*** Given records ***

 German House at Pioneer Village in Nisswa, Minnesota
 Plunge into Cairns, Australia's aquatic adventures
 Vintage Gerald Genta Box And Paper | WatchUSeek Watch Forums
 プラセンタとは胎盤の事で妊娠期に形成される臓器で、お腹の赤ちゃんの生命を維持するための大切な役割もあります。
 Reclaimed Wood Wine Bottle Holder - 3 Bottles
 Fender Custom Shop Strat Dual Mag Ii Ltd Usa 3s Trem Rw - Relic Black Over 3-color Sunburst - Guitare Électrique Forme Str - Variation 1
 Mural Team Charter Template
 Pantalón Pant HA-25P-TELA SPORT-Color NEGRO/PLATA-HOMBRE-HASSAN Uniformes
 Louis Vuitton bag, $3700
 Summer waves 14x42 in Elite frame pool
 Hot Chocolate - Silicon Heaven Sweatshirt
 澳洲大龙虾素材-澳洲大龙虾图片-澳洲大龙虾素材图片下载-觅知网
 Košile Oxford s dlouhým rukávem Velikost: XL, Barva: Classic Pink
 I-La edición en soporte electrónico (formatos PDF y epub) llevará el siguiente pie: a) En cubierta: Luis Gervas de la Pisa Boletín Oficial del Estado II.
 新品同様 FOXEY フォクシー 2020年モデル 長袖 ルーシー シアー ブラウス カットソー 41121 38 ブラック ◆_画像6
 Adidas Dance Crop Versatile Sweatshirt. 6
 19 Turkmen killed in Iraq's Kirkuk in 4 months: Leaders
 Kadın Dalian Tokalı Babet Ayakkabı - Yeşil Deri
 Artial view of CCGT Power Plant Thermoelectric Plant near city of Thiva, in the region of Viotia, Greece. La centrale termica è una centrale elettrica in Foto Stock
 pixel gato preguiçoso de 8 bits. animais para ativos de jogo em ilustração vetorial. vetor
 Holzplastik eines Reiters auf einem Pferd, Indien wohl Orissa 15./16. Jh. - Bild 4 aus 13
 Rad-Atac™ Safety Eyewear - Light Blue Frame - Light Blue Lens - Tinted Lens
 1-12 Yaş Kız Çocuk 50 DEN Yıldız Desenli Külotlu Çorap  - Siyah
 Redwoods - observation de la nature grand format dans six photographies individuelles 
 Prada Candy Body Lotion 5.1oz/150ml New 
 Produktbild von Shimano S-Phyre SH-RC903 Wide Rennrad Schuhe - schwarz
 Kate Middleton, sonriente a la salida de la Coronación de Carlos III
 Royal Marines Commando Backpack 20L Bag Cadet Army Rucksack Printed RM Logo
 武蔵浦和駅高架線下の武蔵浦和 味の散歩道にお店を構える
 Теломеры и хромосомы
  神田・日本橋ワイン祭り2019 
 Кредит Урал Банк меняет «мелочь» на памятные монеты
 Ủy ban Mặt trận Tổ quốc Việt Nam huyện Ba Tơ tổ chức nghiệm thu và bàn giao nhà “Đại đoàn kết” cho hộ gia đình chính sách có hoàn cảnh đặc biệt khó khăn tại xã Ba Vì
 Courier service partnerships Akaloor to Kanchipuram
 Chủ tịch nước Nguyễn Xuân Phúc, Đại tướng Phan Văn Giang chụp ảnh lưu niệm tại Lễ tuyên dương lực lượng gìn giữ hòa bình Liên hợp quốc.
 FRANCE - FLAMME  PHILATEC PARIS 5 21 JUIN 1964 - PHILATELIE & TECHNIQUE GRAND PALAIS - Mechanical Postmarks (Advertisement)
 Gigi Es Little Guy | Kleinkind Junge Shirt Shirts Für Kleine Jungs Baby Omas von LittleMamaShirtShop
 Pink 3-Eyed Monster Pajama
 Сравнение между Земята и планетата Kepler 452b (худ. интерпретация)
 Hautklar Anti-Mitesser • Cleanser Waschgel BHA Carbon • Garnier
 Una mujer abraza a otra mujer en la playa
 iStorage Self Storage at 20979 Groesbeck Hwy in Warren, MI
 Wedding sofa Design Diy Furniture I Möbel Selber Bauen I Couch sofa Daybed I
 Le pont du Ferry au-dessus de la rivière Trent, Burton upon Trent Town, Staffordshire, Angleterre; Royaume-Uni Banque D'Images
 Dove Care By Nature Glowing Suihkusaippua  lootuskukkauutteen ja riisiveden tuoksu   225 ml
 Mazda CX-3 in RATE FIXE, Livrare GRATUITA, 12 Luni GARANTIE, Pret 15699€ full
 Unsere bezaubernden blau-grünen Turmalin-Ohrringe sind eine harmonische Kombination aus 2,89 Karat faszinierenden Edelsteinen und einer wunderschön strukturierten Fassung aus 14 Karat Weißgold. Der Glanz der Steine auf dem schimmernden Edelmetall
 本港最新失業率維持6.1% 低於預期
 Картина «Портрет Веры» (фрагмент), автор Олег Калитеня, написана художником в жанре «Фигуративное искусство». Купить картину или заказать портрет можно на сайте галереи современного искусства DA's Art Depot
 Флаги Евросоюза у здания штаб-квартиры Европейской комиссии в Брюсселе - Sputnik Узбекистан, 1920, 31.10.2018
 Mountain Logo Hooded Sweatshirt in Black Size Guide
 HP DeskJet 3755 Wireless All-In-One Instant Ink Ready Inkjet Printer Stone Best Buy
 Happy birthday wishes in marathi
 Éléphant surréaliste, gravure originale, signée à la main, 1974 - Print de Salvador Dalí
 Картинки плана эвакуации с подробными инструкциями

*** End of Given records ***

**To do**
The reply should hold only the lines from the beginning of the listing to the line with "Kadın Dalian Tokalı", both ends included, unchanged.

**Response to the exercise**
 German House at Pioneer Village in Nisswa, Minnesota
 Plunge into Cairns, Australia's aquatic adventures
 Vintage Gerald Genta Box And Paper | WatchUSeek Watch Forums
 プラセンタとは胎盤の事で妊娠期に形成される臓器で、お腹の赤ちゃんの生命を維持するための大切な役割もあります。
 Reclaimed Wood Wine Bottle Holder - 3 Bottles
 Fender Custom Shop Strat Dual Mag Ii Ltd Usa 3s Trem Rw - Relic Black Over 3-color Sunburst - Guitare Électrique Forme Str - Variation 1
 Mural Team Charter Template
 Pantalón Pant HA-25P-TELA SPORT-Color NEGRO/PLATA-HOMBRE-HASSAN Uniformes
 Louis Vuitton bag, $3700
 Summer waves 14x42 in Elite frame pool
 Hot Chocolate - Silicon Heaven Sweatshirt
 澳洲大龙虾素材-澳洲大龙虾图片-澳洲大龙虾素材图片下载-觅知网
 Košile Oxford s dlouhým rukávem Velikost: XL, Barva: Classic Pink
 I-La edición en soporte electrónico (formatos PDF y epub) llevará el siguiente pie: a) En cubierta: Luis Gervas de la Pisa Boletín Oficial del Estado II.
 新品同様 FOXEY フォクシー 2020年モデル 長袖 ルーシー シアー ブラウス カットソー 41121 38 ブラック ◆_画像6
 Adidas Dance Crop Versatile Sweatshirt. 6
 19 Turkmen killed in Iraq's Kirkuk in 4 months: Leaders
 Kadın Dalian Tokalı Babet Ayakkabı - Yeşil Deri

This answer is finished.